3 JORDAN v. SMITH Decision of the Court

and because he had not consumed alcohol for six months. Mother also filed a compliance report that indicated she fully complied with the court’s orders. The court denied Father’s request and noted that he had not attempted to comply with the SCRAM bracelet requirement until December 2013, which was two months after the court issued the compliance plan. Father then filed a second compliance plan report on February 18, 2014 where he averred that he was in compliance with the SCRAM bracelet requirement. Finally, on February 25, Father moved to extend the time to complete the compliance plan acknowledging he would be unable to complete the plan’s requirements by the 28th. He argued that he overpaid the arrearage obligation and had “third-party funding” that would give him the ability to comply with the financial requirements. By February 28, Mother was fully compliant. In a response to Father’s motion to extend, Mother contended that Father had not paid arrearages in full.

¶9 After reviewing the compliance plan reports and other documents filed by the parents, the court entered findings and orders in a signed ruling filed April 4, 2014 (“April 4 order”). The court found that Father did not enroll in individual counseling treatment until February 28, 2014 and that despite the areas of compliance, Father’s efforts were “too little, too late.” The court also found that it was in the child’s best interests to be allowed to relocate with Mother. Furthermore, the court indicated that the October 1 paternity decree was self-executing and that the provisions of that order were final.
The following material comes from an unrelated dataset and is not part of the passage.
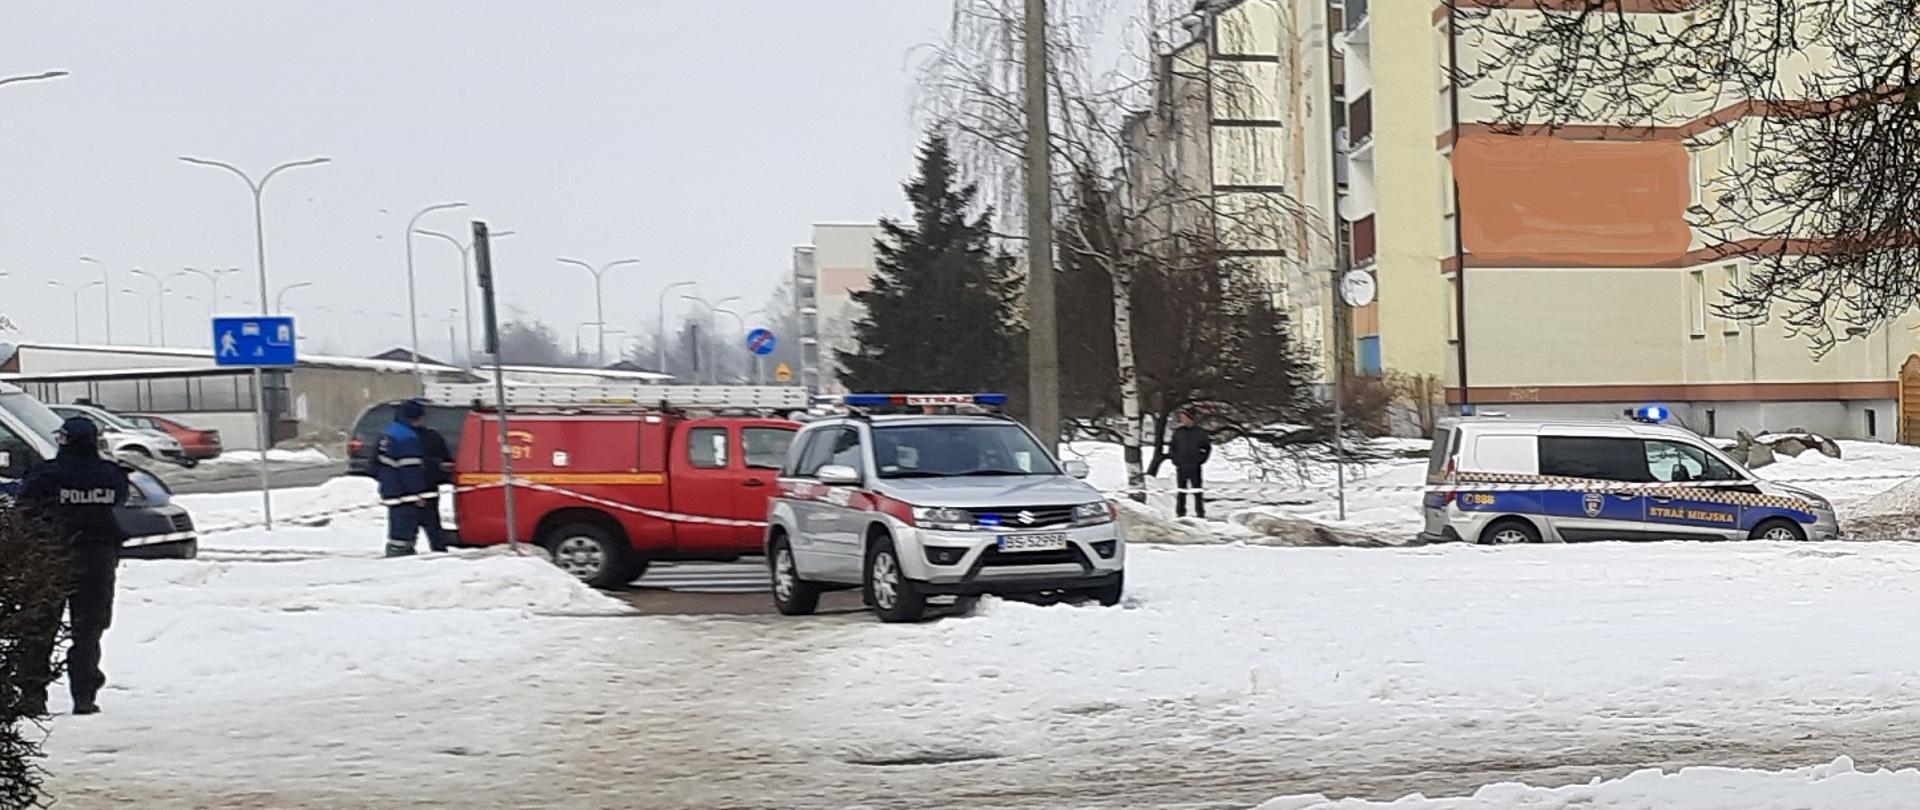 Zdjęcie obrazuje osobowy samochód strażacki osobowy samochód straży miejskiej samochód pogotowia energetycznego w lewej stronie zdjęcia stoi policjant w tle kilka osób i budynki. Aura zimowa.

¶10 Father seeks appellate review of certain issues from both the paternity decree and the April 4 order. Mother contends this court lacks jurisdiction regarding the paternity decree because it was a final, appealable order and Father did not appeal within 30 days of the decree. If the paternity decree was final and appealable when entered on October 1, 2013, then Mother is correct and Father cannot now raise issues settled therein. If the decree was not a final judgment, but rather the court’s memorialization of alternative outcomes that depended on the parties’ performance of the compliance plan and a further order of the court regarding that compliance, then the April 4 order was the final, appealable order. Father’s notice of appeal within 30 days after the April 4 order would thus trigger appellate jurisdiction over the decree as well as any issues resolved in the April 4 order.